The power and value of pure attention is often under valued, at best we convince ourselves that we are being attentive when in fact we are missing the hidden treasure that will transform our lives, our relationships, our teams and our businesses.
In her book ‘Time to Think’ author and speaker Nancy Kline suggests, “The quality of a person’s attention determines the quality of other people’s thinking.” Kline is the founder of the concept of ‘The Thinking Environment’ where attention is key to listening with respect and fascination. “When you are listening to someone, much of what you’re hearing is your effect on them.”
When we don’t listen with our full attention, then thinking, ideas, creativity, solutions and the power of shared knowledge and experience is lost.
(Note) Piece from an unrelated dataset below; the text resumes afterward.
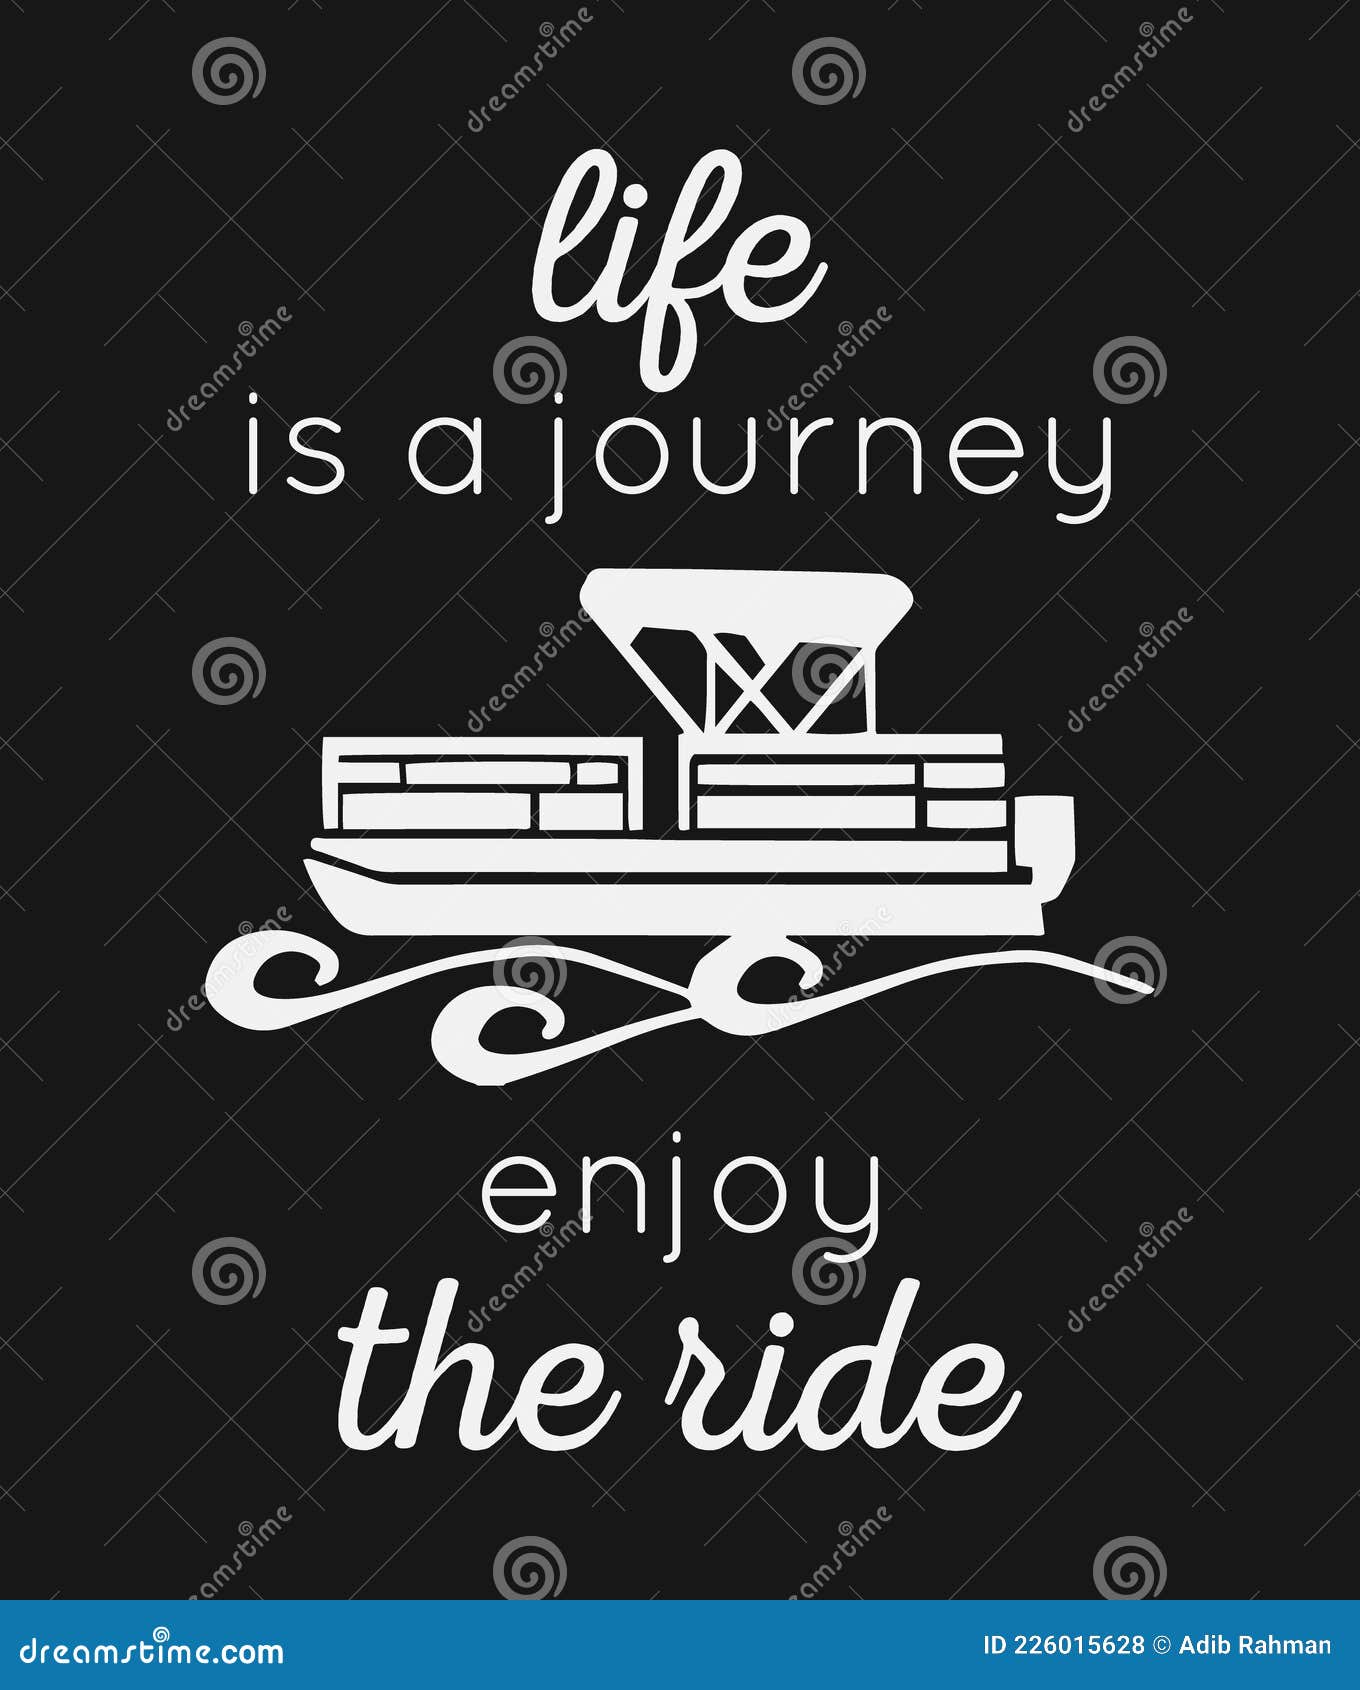 life is a journey enjoy the ride

When this becomes a pattern of our style of listening or management then others may resign themselves to doing what is the expected norm, choosing not to express their ideas and views, keeping so much untapped potential firmly buried beneath the ground of our apparent unwillingness to listen.
A lesson from Rome
Why is it that so many of us have become such poor listeners? Some years ago I visited Rome with my wife and we stayed in a wonderful charming hotel close to the city centre and all of the key visitor attractions. We had a fabulous time and saw so much that it wasn’t until we returned home that I noticed what we had actually missed. Now back home I awoke to a beautiful dawn chorus from the birds in our neighbourhood. It was so amazing that I started to wonder why this was not how I experienced the start of every day. It’s not that there are no birds in Rome, it’s that the ‘noise’ from the traffic, the hustle of bustle of every day city life had simply drowned out the beautiful experience of a dawn chorus.
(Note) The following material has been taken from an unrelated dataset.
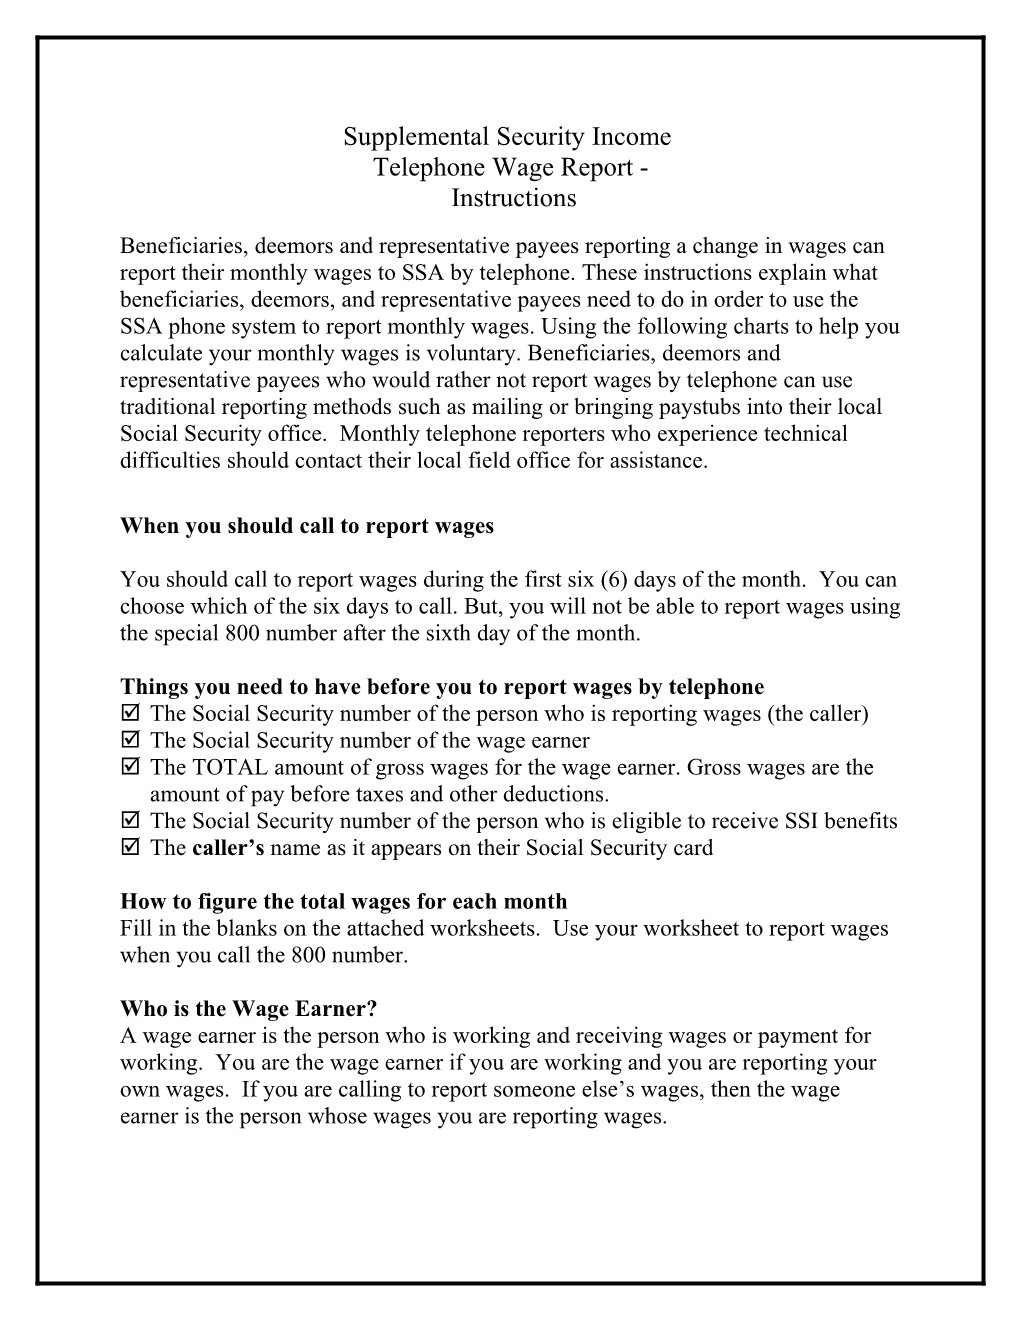 Supplemental Security Income Telephone Wage Report Worksheet

Translate this to our experience with others and we get a glimpse of what can often happen. We are distracted in our listening, already thinking ahead to the next event in our day, we have an array of devices from mobiles, to tablets, to computers all demanding our attention. The truth is we are not really listening, and in our high-speed world we feel the need to press forward, make decisions, give advice so that WE can identify a solution as soon as possible.
Help or a hindrance?
Managers, educators, consultants, and experts have learnt that leading and helping means being the one with the answers, the trailblazer, and the parent, but it simply isn’t always the case. As Kline puts it “real help, professionally or personally, consists of listening to people, of paying respectful attention to people so that THEY can access their own ideas first.” “ When you keep that in mind, you become more effective with people. And people around you end up with better ideas.”